Most home insurance policies include coverage for “building ordinance or law,” a somewhat esoteric and misunderstood coverage that can be essential to putting your home back together after a claim.

The average home insurance policy includes 10% of the dwelling amount on a policy at the time of a claim this means that if you have suffered damage to your home and a law or local ordinance calls for a change comply, you have a limited amount of money available to pay.

Here a few examples to help you better understand the concept:

  • A home is damaged by a broken pipe running to the second floor bathroom.  When contractors begin to remove the damaged Sheetrock in the home, it is discovered that the wiring in the home is not to code and must be updated.  The wiring is not part of the claim, but the job cannot be completed until the wiring is changed.
  • A detached garage is crushed by a tree and completely destroyed.  Local Township ordinances have changed over the years so that all new garages must be installed farther away from property lines than the one that was damaged was originally.  This means that the new garage needs to have a new foundation built in a different location than the old, thereby increasing the cost of the claim.
  • A home is burned by fire and is deemed to be 60% damaged by local authorities.  As UCC codes specify that any home more than 50% damaged must be razed and rebuilt, the 40% undamaged portion is not considered to be part of the insurance claim.
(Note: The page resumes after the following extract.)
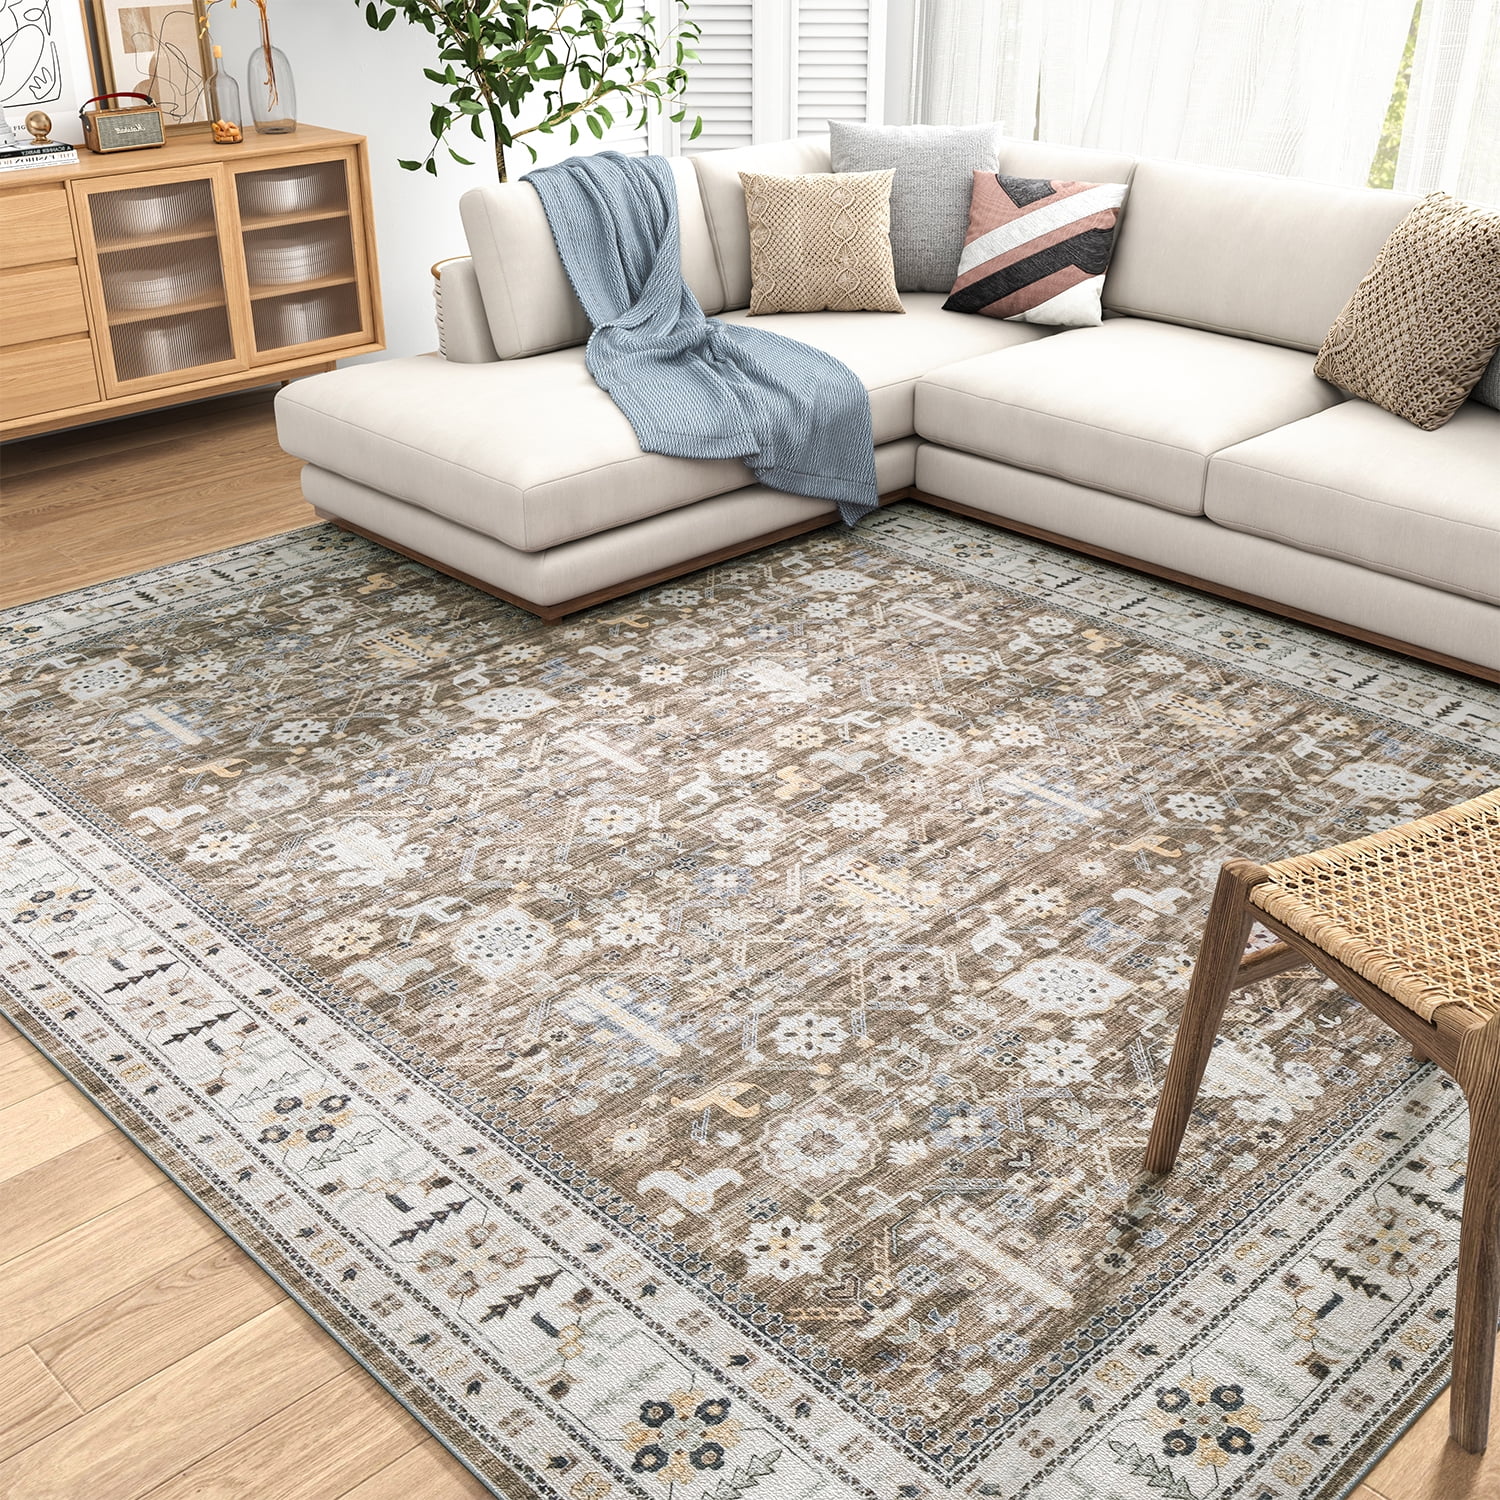 Juhai 2Pcs Floor Carpet Anti-slip Cuttable Non Pilling Water Absorbent  Jigsaw Design Living Room Bedroom Floor Area Rug Home Decor 
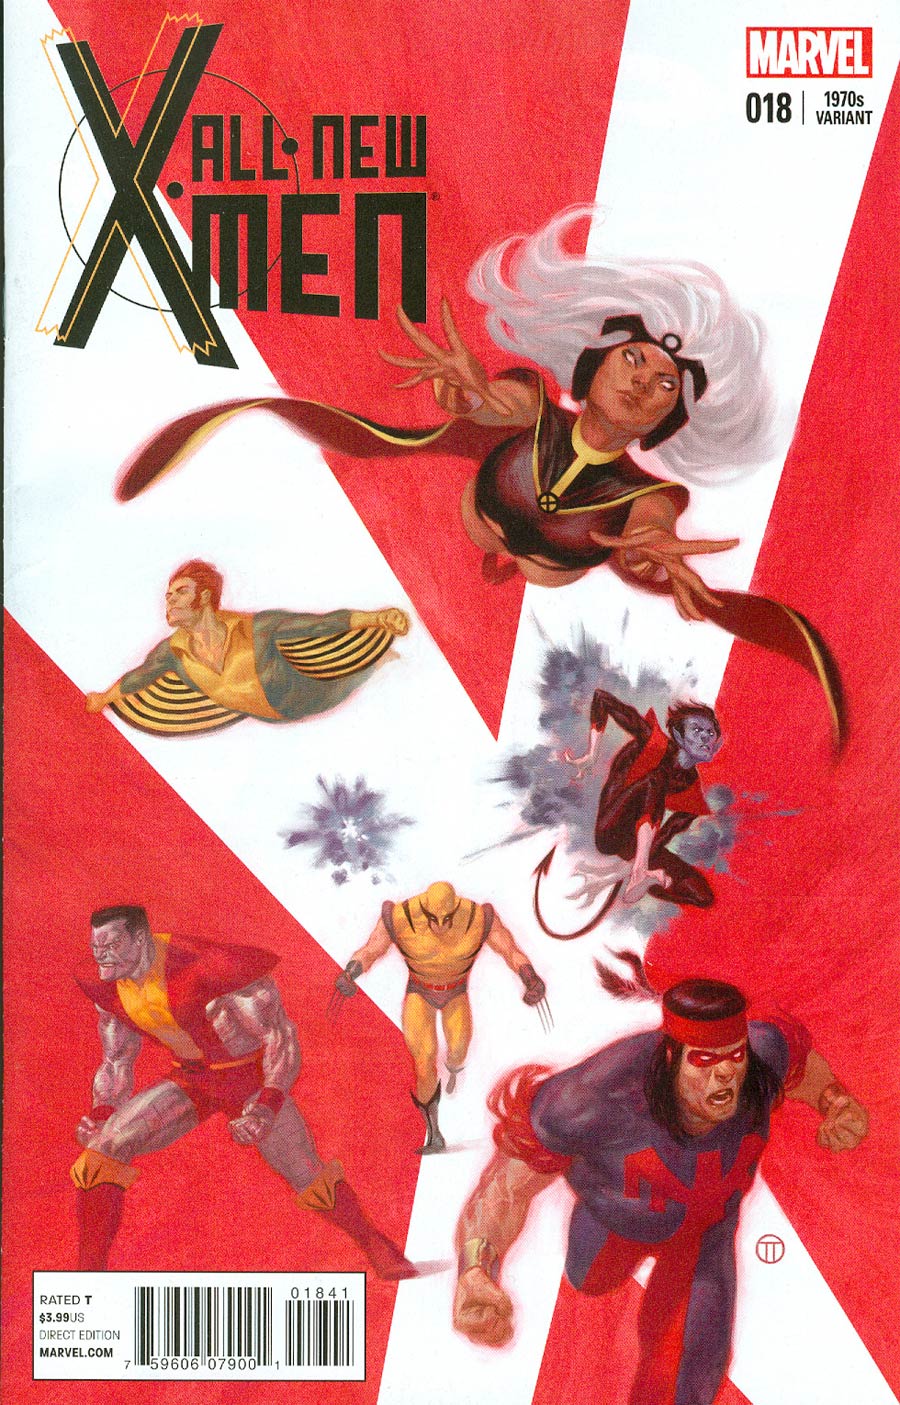 All-New X-Men #18 Cover C Variant Julian Totino Tedesco X-Men In The 1970s Cover

Coverage Options for Overruns Created by Ordinance or Law

In each of these cases, extra funds are required to complete repairs, and in each case, the cost to repair is increased by an ordinance or law.  As noted above, most policies only provide 10% of the home value to be available for cost overruns of this nature, which means that the balance is paid out of pocket by the homeowner.  In the case of the home damaged by fire, this can be a substantial sum.

There is a solution – most mid-market home policies can have this coverage increased to higher amounts, albeit for an additional annual fee.  There are also classes of higher end home insurance policies, some of which are surprisingly affordable, that include 50% or more of the home value for building ordinance coverage.  MetLife’s Platinum policy offers this in most states,  At the high end, policies from CHUBB, Encompass and others offer 100% building ordinance coverage – if a home is valued at $750,000 on a policy, the policy permits an additional $750,000 to be paid out for a building ordinance.

Some policies, such as those obtained from the “non-admitted” market when homes have had too many loses in a short period of time, have no ordinance coverage by default.  This can be common with insurers such as Lloyd’s of London, Scottsdale, and Lexington.

This same concept also applies to policies covering commercial properties, and in many cases a commercial policy does not contain any coverage for this.